Clause 1 of the Bill will remedy the weaknesses in the law disclosed in the cases of Clayton and Mella v. Monahan by creating a new offence of having an obscene article for publication for gain. This offence will carry the same penalties as the existing offence under Section 2 of the 1959 Act, of publishing an obscene article. It will be subject to the same defences as the existing offence, including the defence, under Section 4 of the 1959 Act, that publication of the article is justified as being for the public good on the ground that it is in the interests of, among other things, literature. This new provision will remove the difficulty resulting from the decision in Mella v. Monahan. It will also overcome the difficulty which arises out of the Clayton case, sometimes called "the case of the incorruptible policeman."

Subsection (3)(b) of Clause 1 provides that for the purpose of the new offence the question whether an article is obscene is to be determined by reference to any publication which, in the circumstances, it may reasonably be inferred the accused had in contemplation and to any further publication that could reasonably be expected to follow from it. Any sale, to a police officer or to any other person, will be evidence that the article is being kept for sale to the general public; and it will not be necessary to prove, as it is at present, that the purchaser himself is susceptible to corruption. The clause also, in subsection (4), requires a court convicting of the new offence to forfeit the articles concerned, thus obviating the need to obtain a separate forfeiture order from a magistrate under the powers available under the present Act.

Clause 2 of the Bill widens the control over pornography by dealing with photographic negatives and other articles—for example, moulds and the "skins" from which copies of a duplicated document are taken—designed for the reproduction or manufacture of obscene articles for gainful publication. The effect of the clause is that negatives, moulds, and other articles intended to be used for this purpose will be liable to seizure, and it will also be an offence to keep them with that object. This provision will remedy the defect in the law which came to light in the Straker case. There is also a provision for the determination of the obscenity of the article by reference to the circumstances in which the articles to be manufactured from them are likely to have been published. My right honourable friend, who has received many complaints from all parts of the country, shares the anxiety expressed about this traffic and is determined to see that the law is adequate to protect people, and especially the young, from the possibility of corruption from this undesirable material. In the Government's view, this Bill contains all the additional powers that we need to enable the enforcement authorities to carry out that object.

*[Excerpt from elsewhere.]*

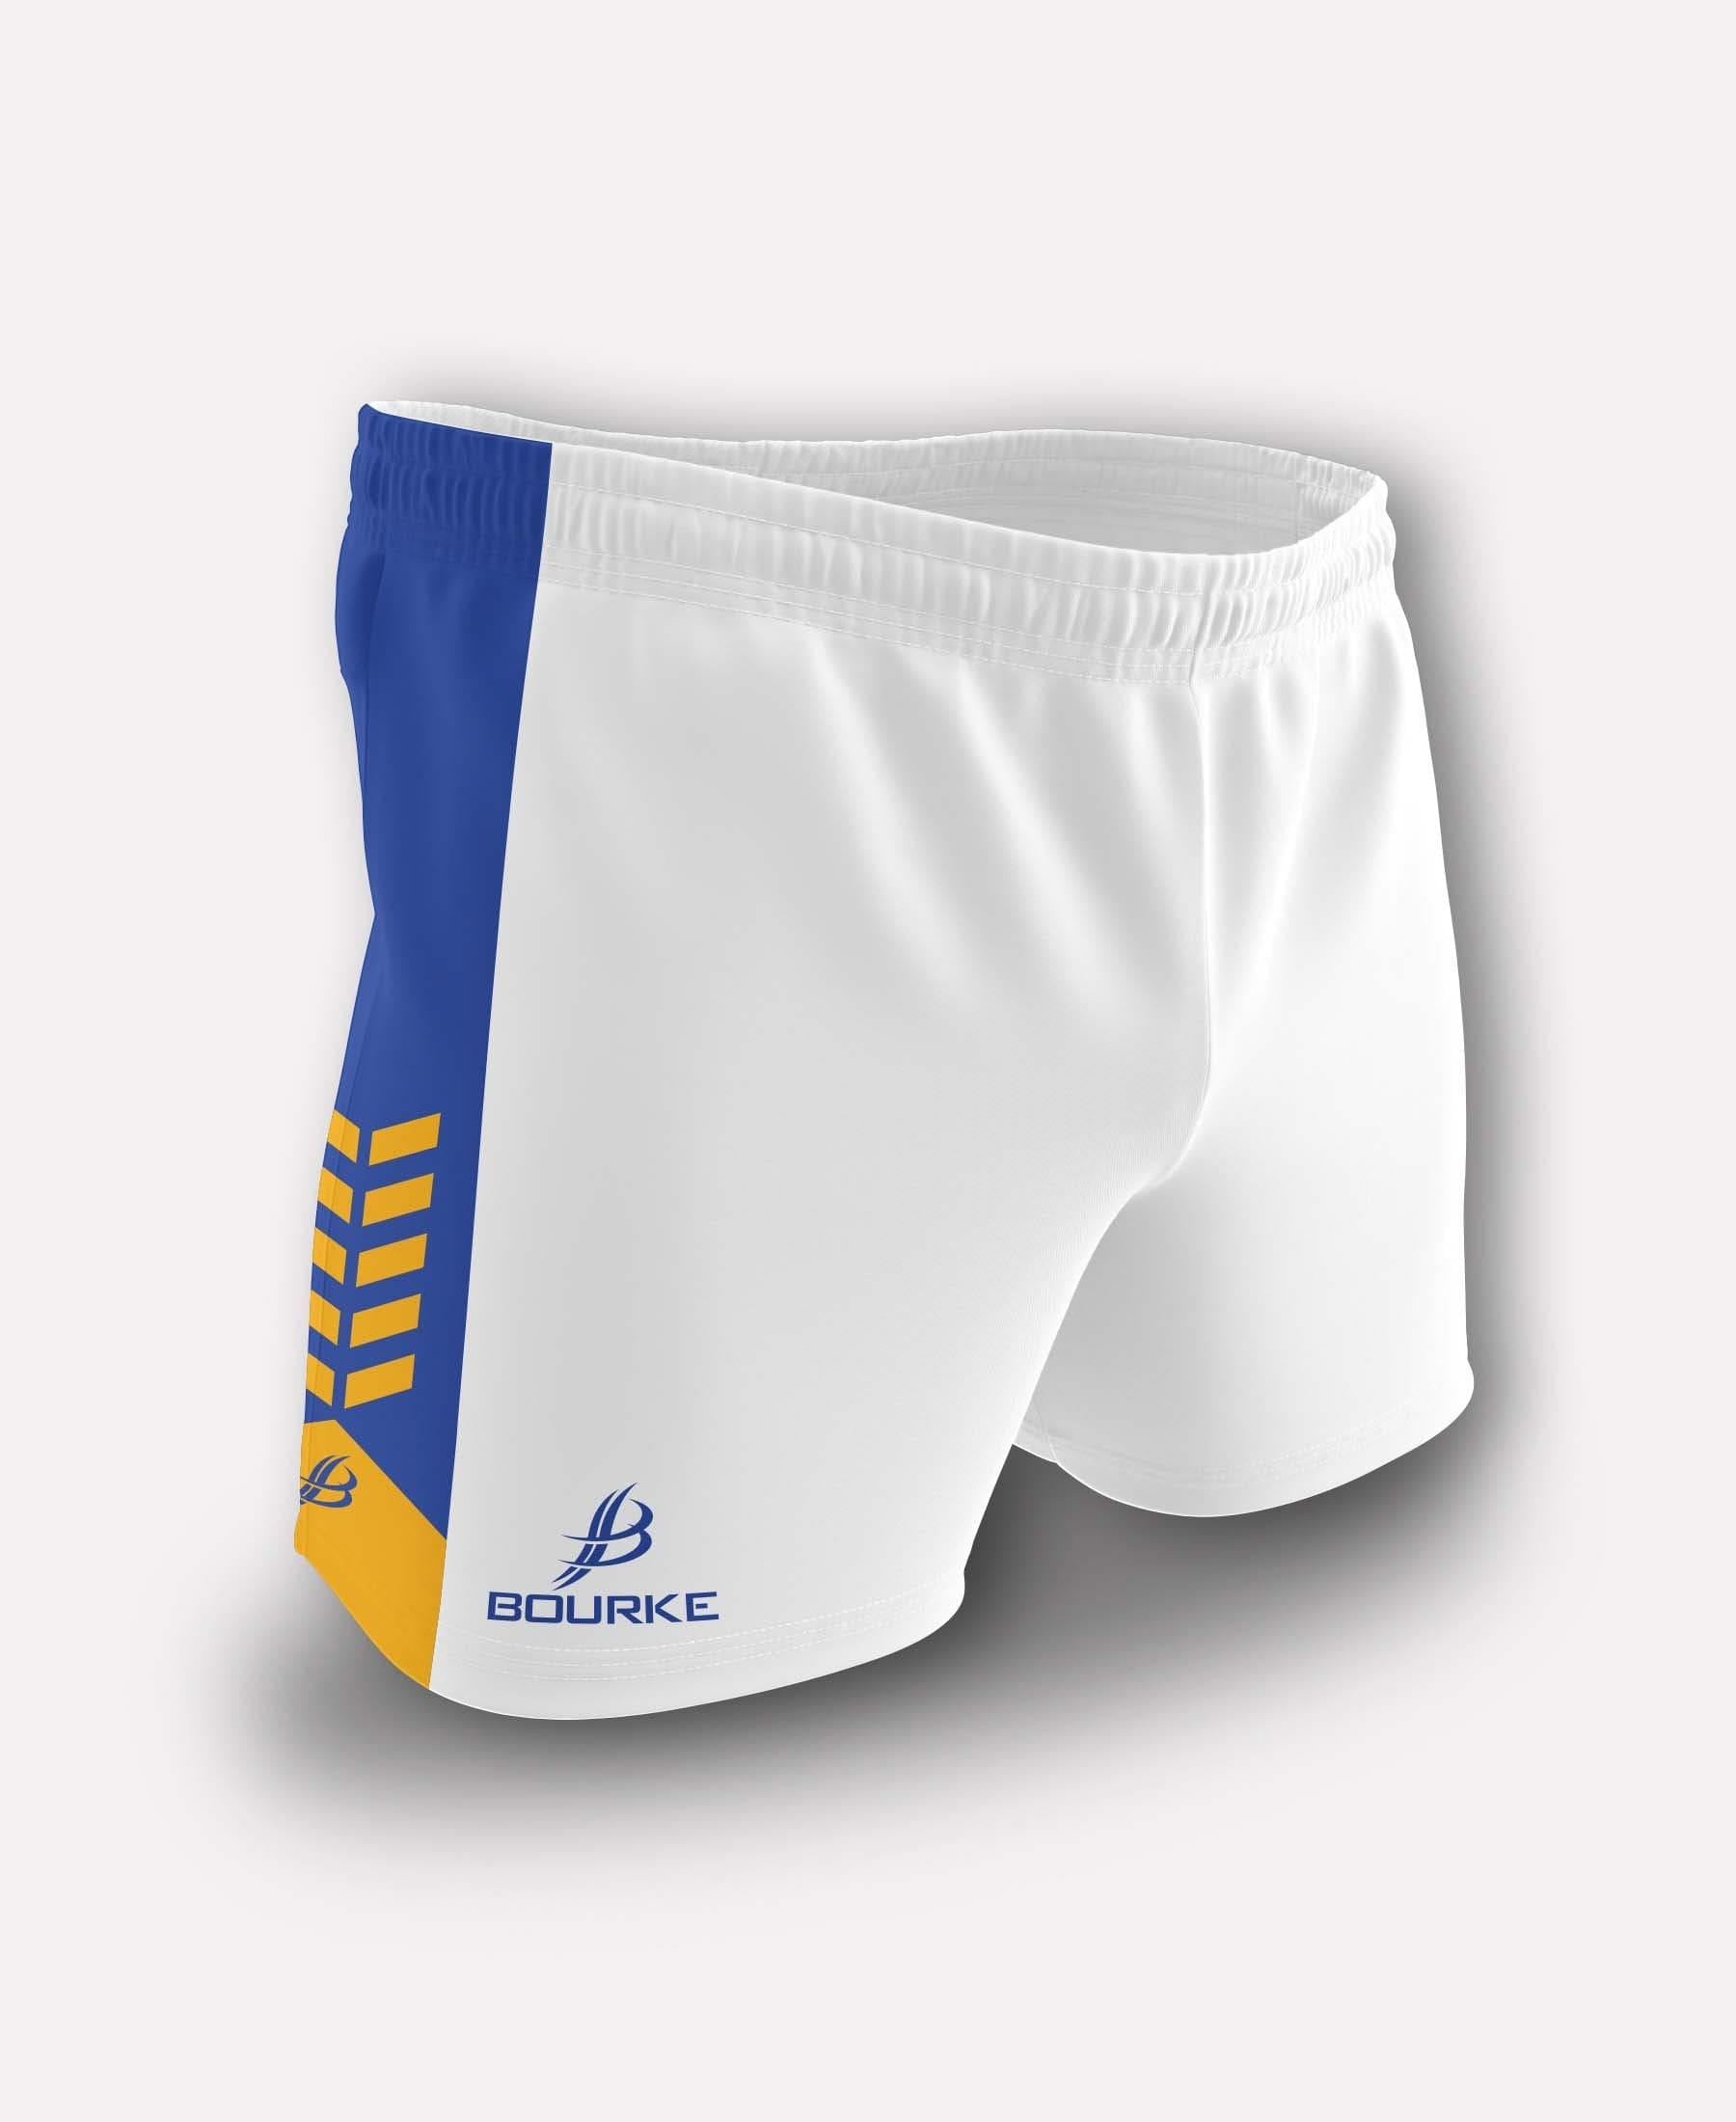 Chevron Adult Shorts (White/Royal/Amber) - Bourke Sports Limited

My Lords, I have two more pages of notes, and if I may I will finish them. There was some discussion during the course of consideration of the Bill in another place of the possibility of ensuring that the verdict of a jury should be obtained on any book for which literary or other important qualities are claimed. A number of proposals were put forward which were not acceptable. It would be wrong and contrary to all legal principle to require the prosecuting authorities to launch a prosecution with its attendant right of trial by jury rather than to proceed by way of forfeiture proceedings. The prosecuting authorities must retain their discretion to use whatever procedure is more suitable to the circumstances of the case. If noble Lords wish, I can take this up in more detail in my answer. Any doubts that may remain in the minds of those who are concerned for literature about the intention of the authorities will, I hope, be dispelled by the statement made by my right honourable and learned friend the Solicitor General in another place about the practice that will be followed by the Director of Public Prosecutions in enforcing the law. I thought it right to mention all these matters.

LORD SHACKLETON

My Lords, would the noble Lord mind repeating that statement?

LORD DERWENT

Before I repeat that statement, I wonder whether the House would like me to interrupt my speech and let the other Statement be made. I can go on to give the Solicitor General's statement afterwards.